Record set —
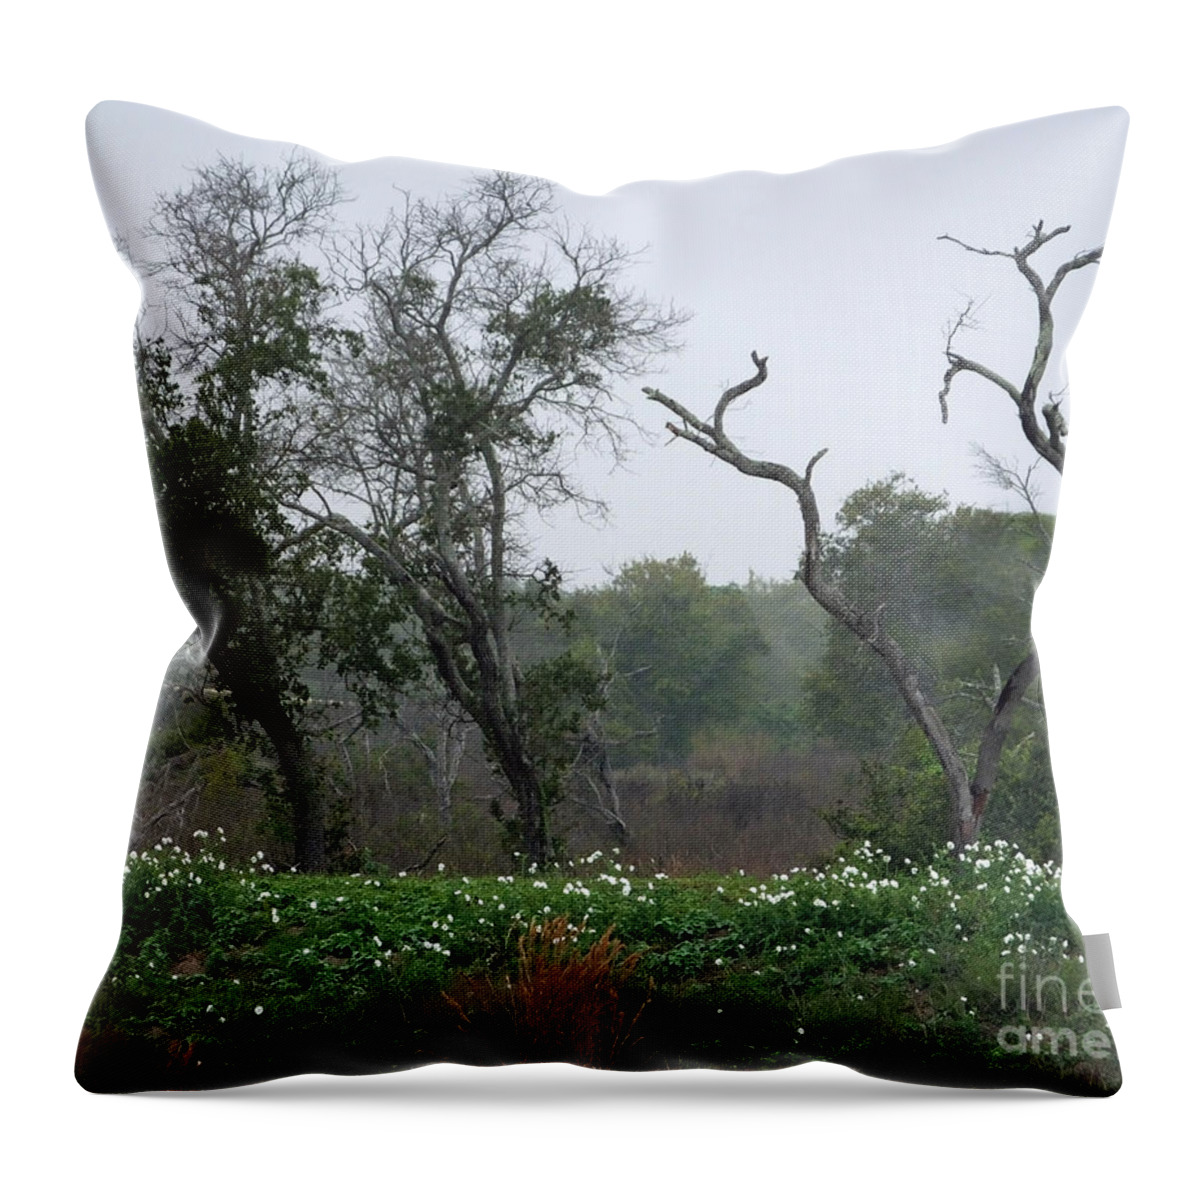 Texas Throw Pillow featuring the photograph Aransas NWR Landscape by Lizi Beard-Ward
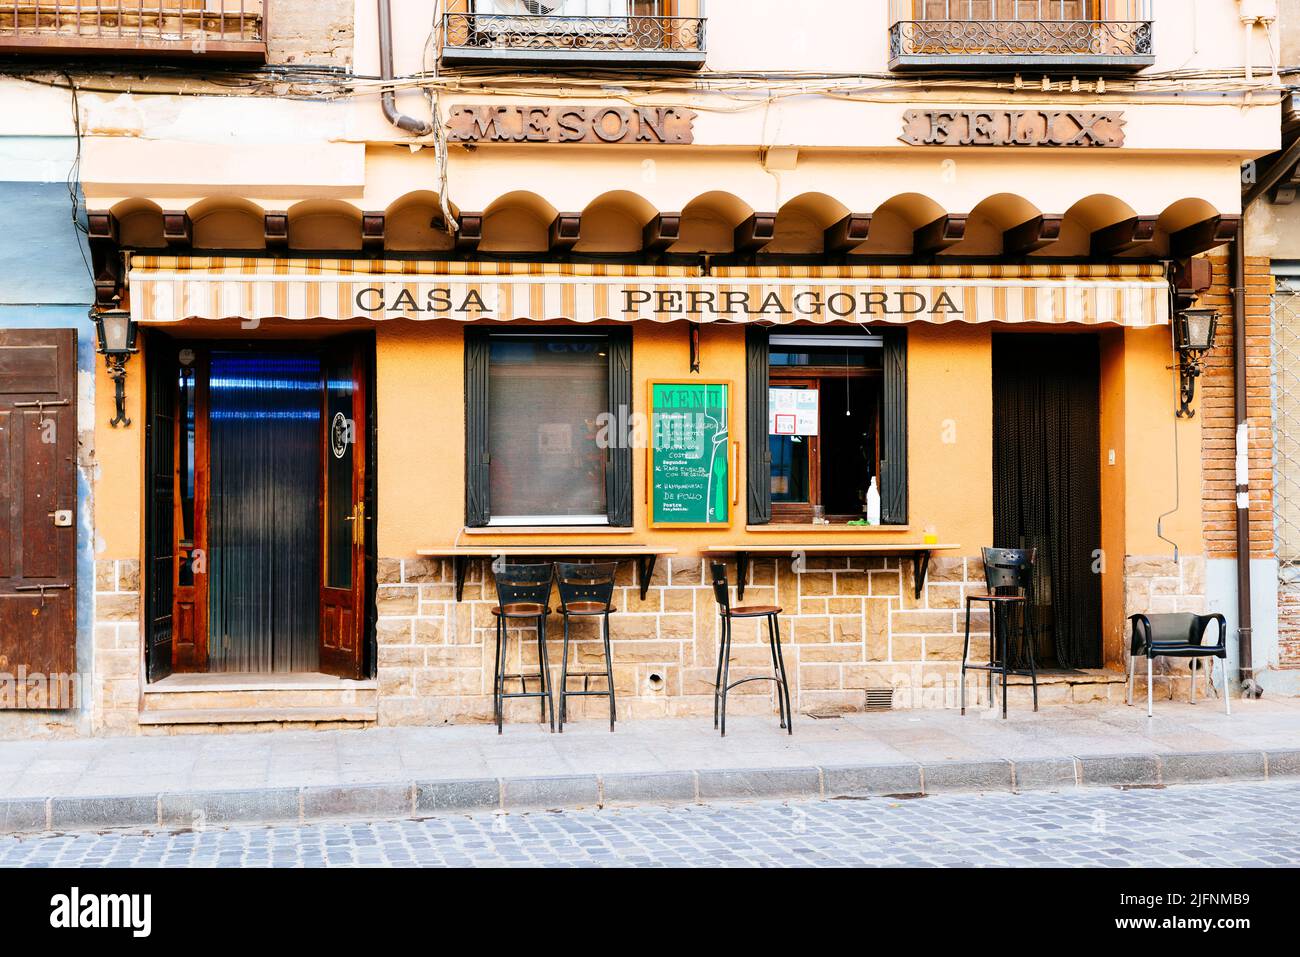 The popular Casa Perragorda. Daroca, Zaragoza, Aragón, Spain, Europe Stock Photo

* * *

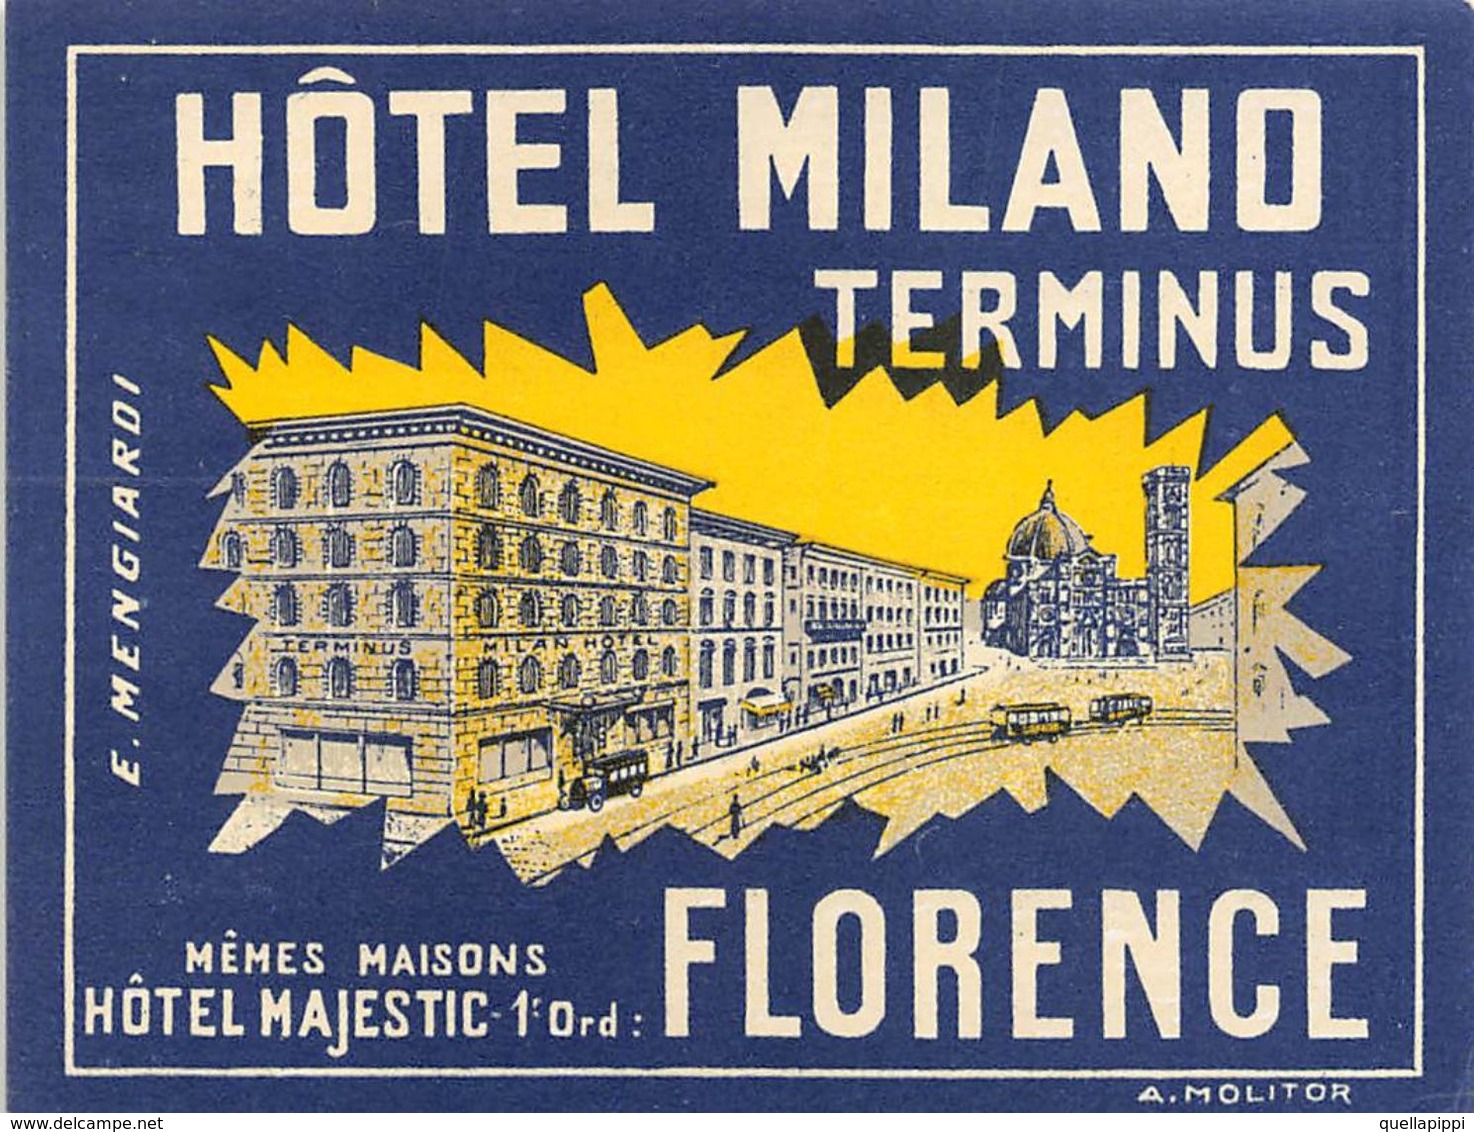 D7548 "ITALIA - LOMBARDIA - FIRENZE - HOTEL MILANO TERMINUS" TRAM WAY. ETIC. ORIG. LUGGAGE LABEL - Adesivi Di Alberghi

What the exercise asks — Exactly the lines starting at the one above with "Texas Throw Pillow" and ending at the one with "The popular Casa" should be printed, and nothing else. Omit the pictures.

Response box —
 Texas Throw Pillow featuring the photograph Aransas NWR Landscape by Lizi Beard-Ward
 The popular Casa Perragorda. Daroca, Zaragoza, Aragón, Spain, Europe Stock Photo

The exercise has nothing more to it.